Pfungstadt (DFBL/aga). Zwei renommierte Mannschaften und ein Liga-Neuling behalten im Süden die weiße Weste. Vor allem Aufsteiger TV Vaibstatt sorgt mit einem klaren Sieg für Furore.

TV 1865 Waibstadt (N) – TV Vaihingen/Enz 5:1    
(11:9, 11:2, 11:7, 12:14, 11:7, 12:10)         

„Im ersten sind wir gleich mit 5:1 vorne gelegen“, berichtet Markus Knodel vom TV Vaihingen/Enz. „Da haben wir gut begonnen. Aber dann haben wir einen Angabenpunkt gegen uns bekommen, obwohl die Angabe in der Leine war.“ Der Schiedsrichter habe das zwar wohl nicht sehen können, schiebt der TVV-Trainer nach, doch ungefähr ab diesem Moment war bei seinem Team der Faden gerissen. „Unser Problem ist, dass unsere Angabe zu schwach ist“, sagt Knodel. „Das wissen wir.
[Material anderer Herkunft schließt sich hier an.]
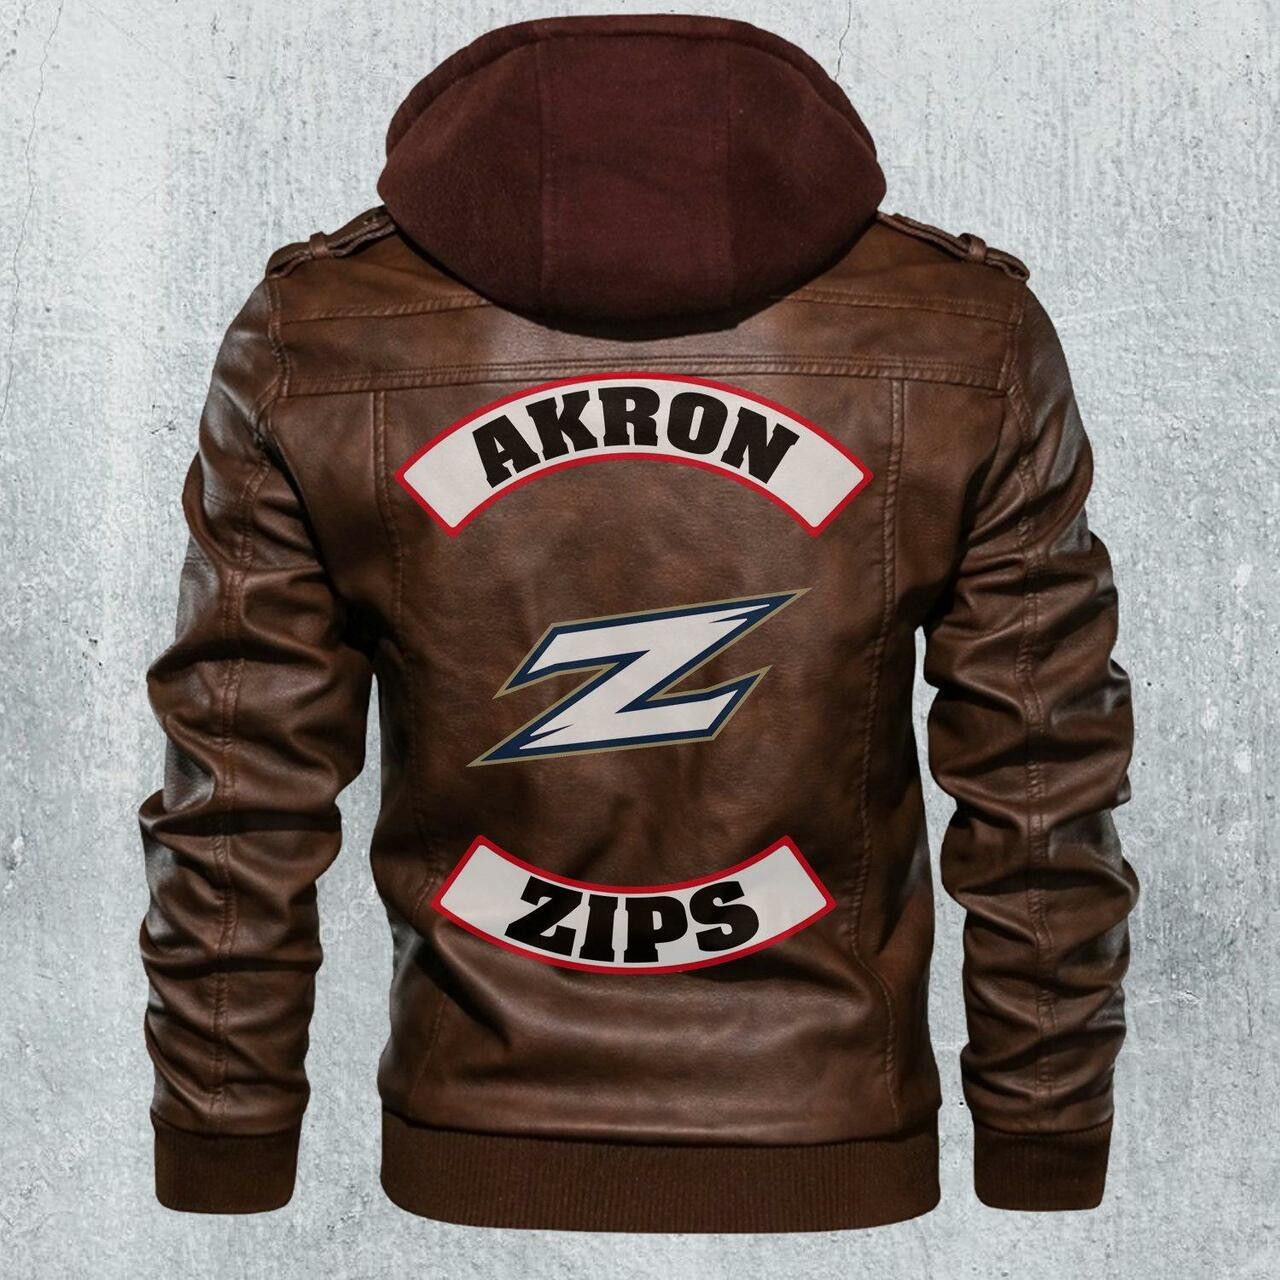 Top leather jacket Sells Best on Techcomshop 7

Aber wenn wir in der Angabe stehen, kommen wir nicht gut wieder raus.“ Das bekamen die Vaihinger auch im weiteren Verlauf des ersten Satzes zu spüren, der schließlich mit 11:9 an die Gastgeber ging.

Danach kam das, was der TVV seit dem Generationenwechsel vor einem halben Jahr schon oft genug erlebt hat. „Nach dem verlorenen Satz kam der Nackenschlag“, sagt Knodel. „Wir haben die Punkte nicht gemacht, aber Waibstadt hat wie entfesselt gespielt. Die Halle war voll, die Stimmung war toll, und bei unseren Gegnern war im zweiten Satz beim 11:2 fast jeder Schlag ein Punkt.“ Im dritten Durchgang dagegen täusche das relativ klar erscheinende 7:11 aus Vaihinger Sicht über eine gute Leistung hinweg, sagt Knodel. „Stellenweise hatten wir tolle Aktionen. Aber immer wenn wir Big Points hatten, dran waren, den Sack zuzumachen, dann haben wir kuriose Fehler gemacht“, ärgert sich der Trainer.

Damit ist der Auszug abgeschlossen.